## Task description
Would you reproduce exactly, and only, the lines starting at the one with "Парк Победы украсили" and ending at the last line of the data, with both included? Leave the pictures out.

## Information supplied
━━━━━━━━━━

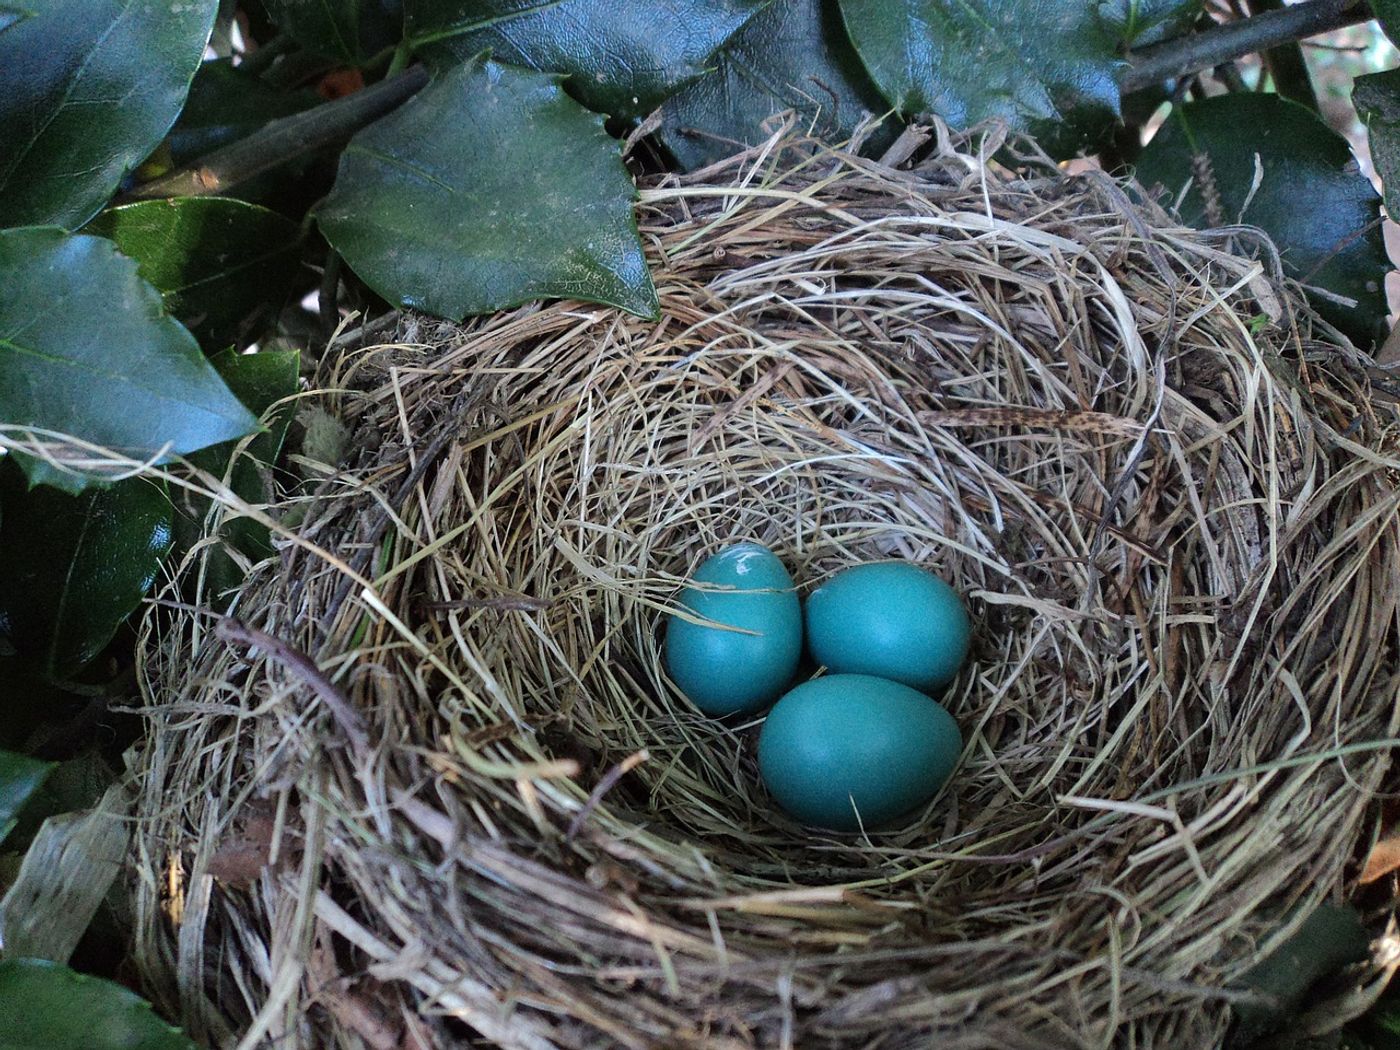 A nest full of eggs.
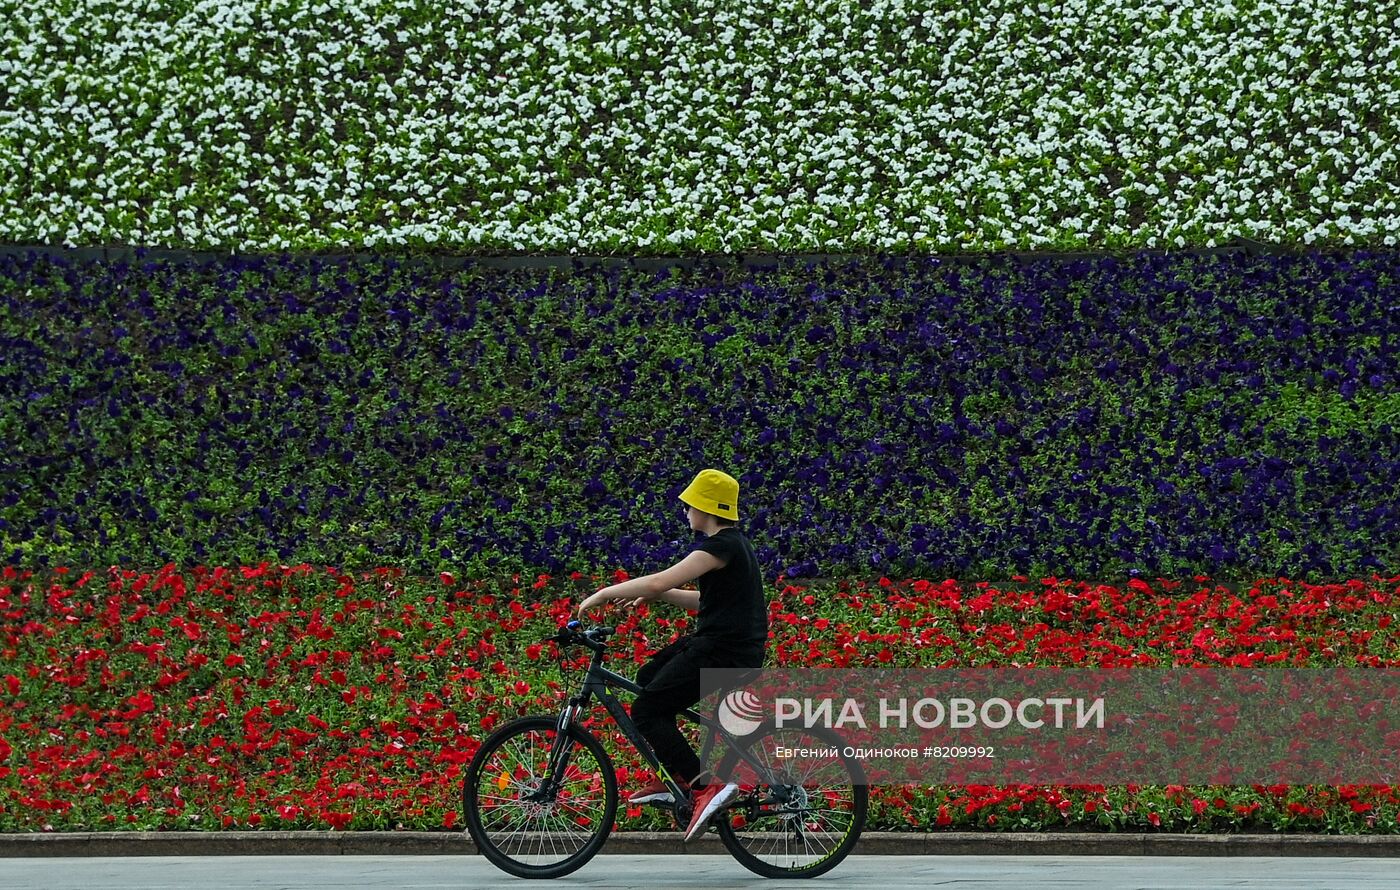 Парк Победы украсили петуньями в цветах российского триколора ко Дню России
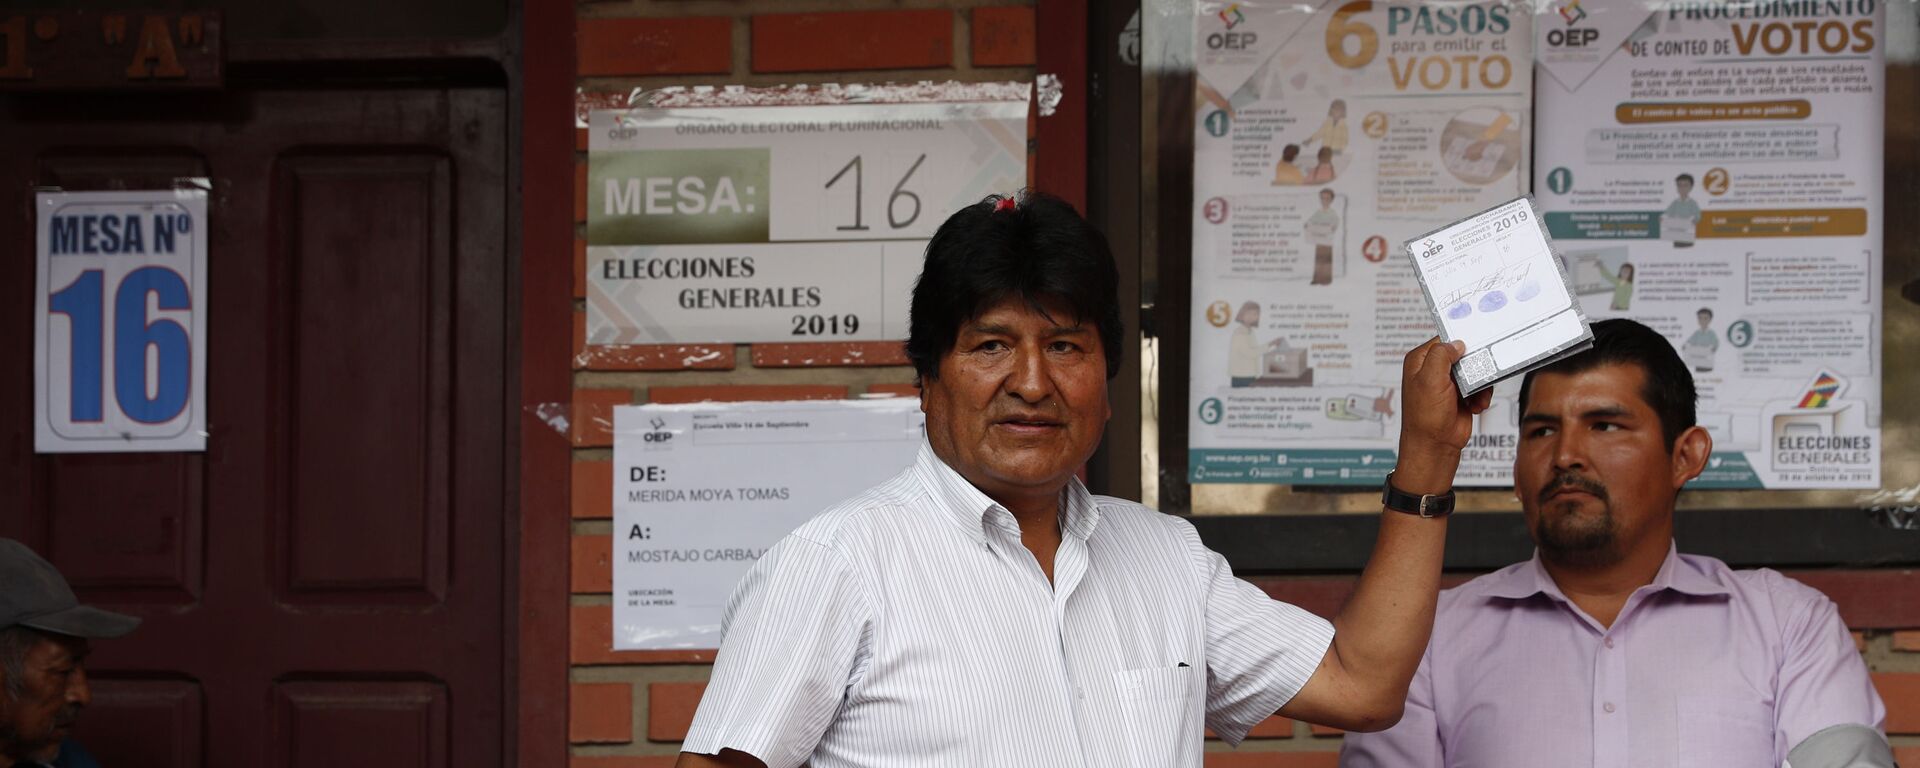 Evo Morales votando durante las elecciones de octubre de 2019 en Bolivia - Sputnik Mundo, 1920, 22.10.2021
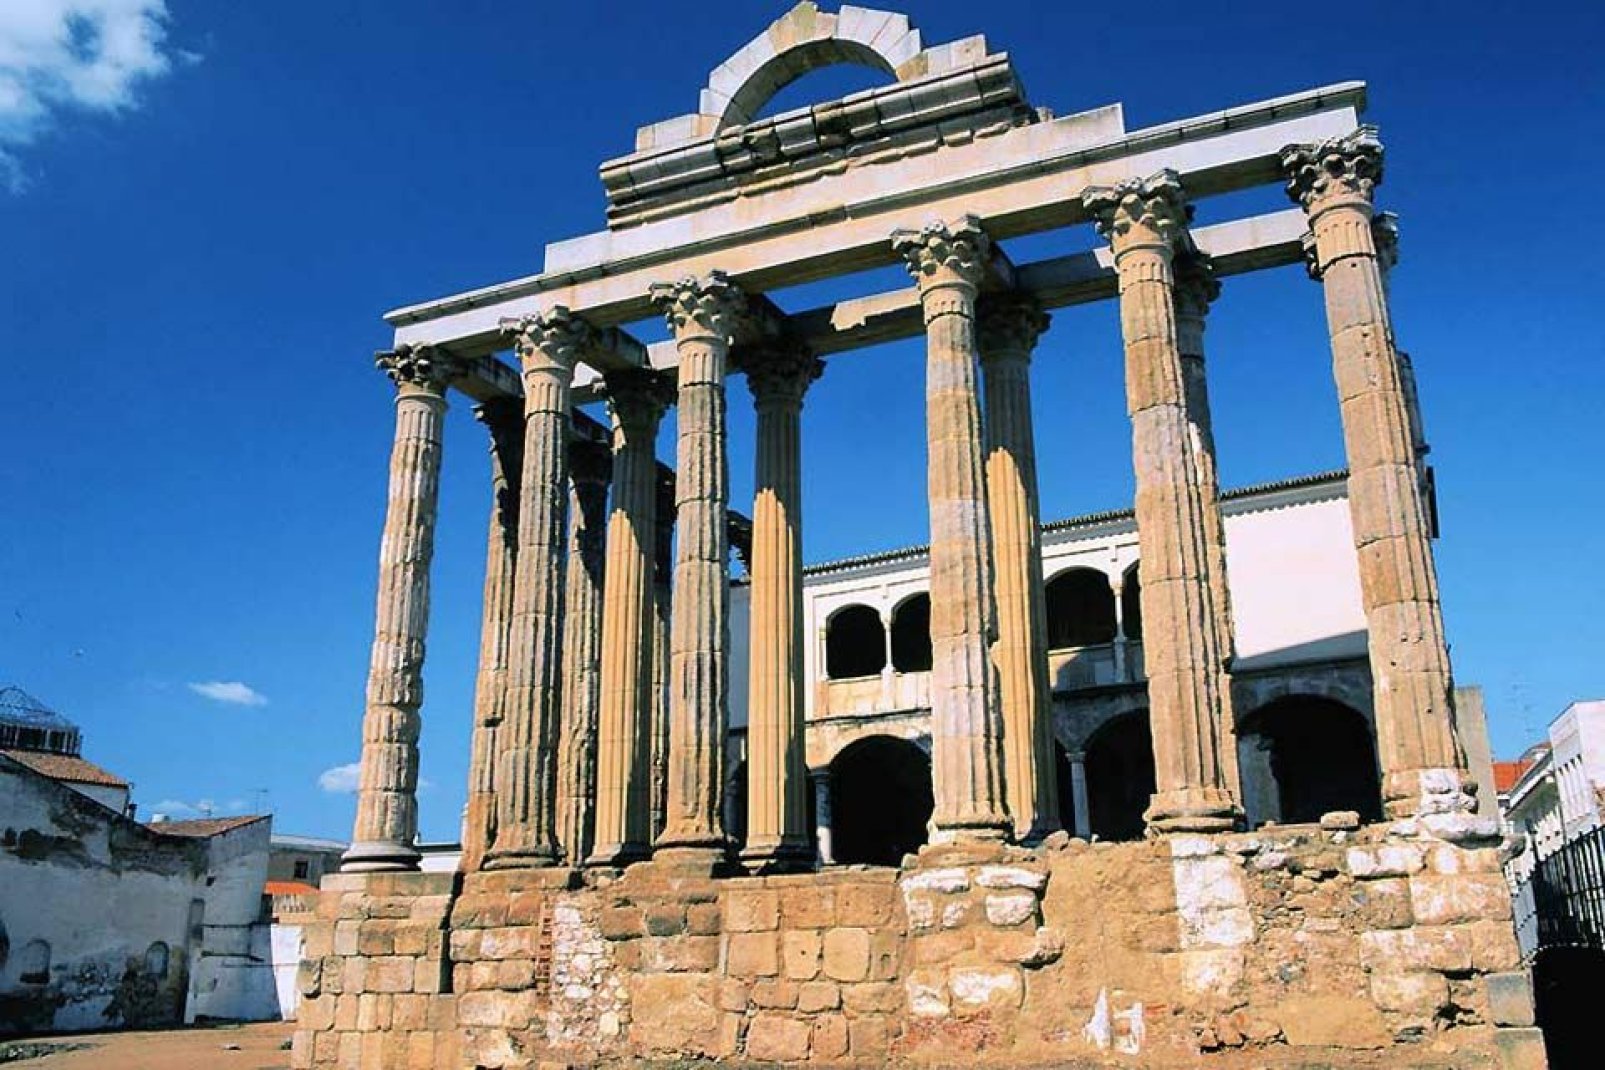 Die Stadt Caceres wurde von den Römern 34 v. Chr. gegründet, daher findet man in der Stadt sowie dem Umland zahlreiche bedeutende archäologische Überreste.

━━━━━━━━━━

## Exercise solution
 Парк Победы украсили петуньями в цветах российского триколора ко Дню России
 Evo Morales votando durante las elecciones de octubre de 2019 en Bolivia - Sputnik Mundo, 1920, 22.10.2021
 Die Stadt Caceres wurde von den Römern 34 v. Chr. gegründet, daher findet man in der Stadt sowie dem Umland zahlreiche bedeutende archäologische Überreste.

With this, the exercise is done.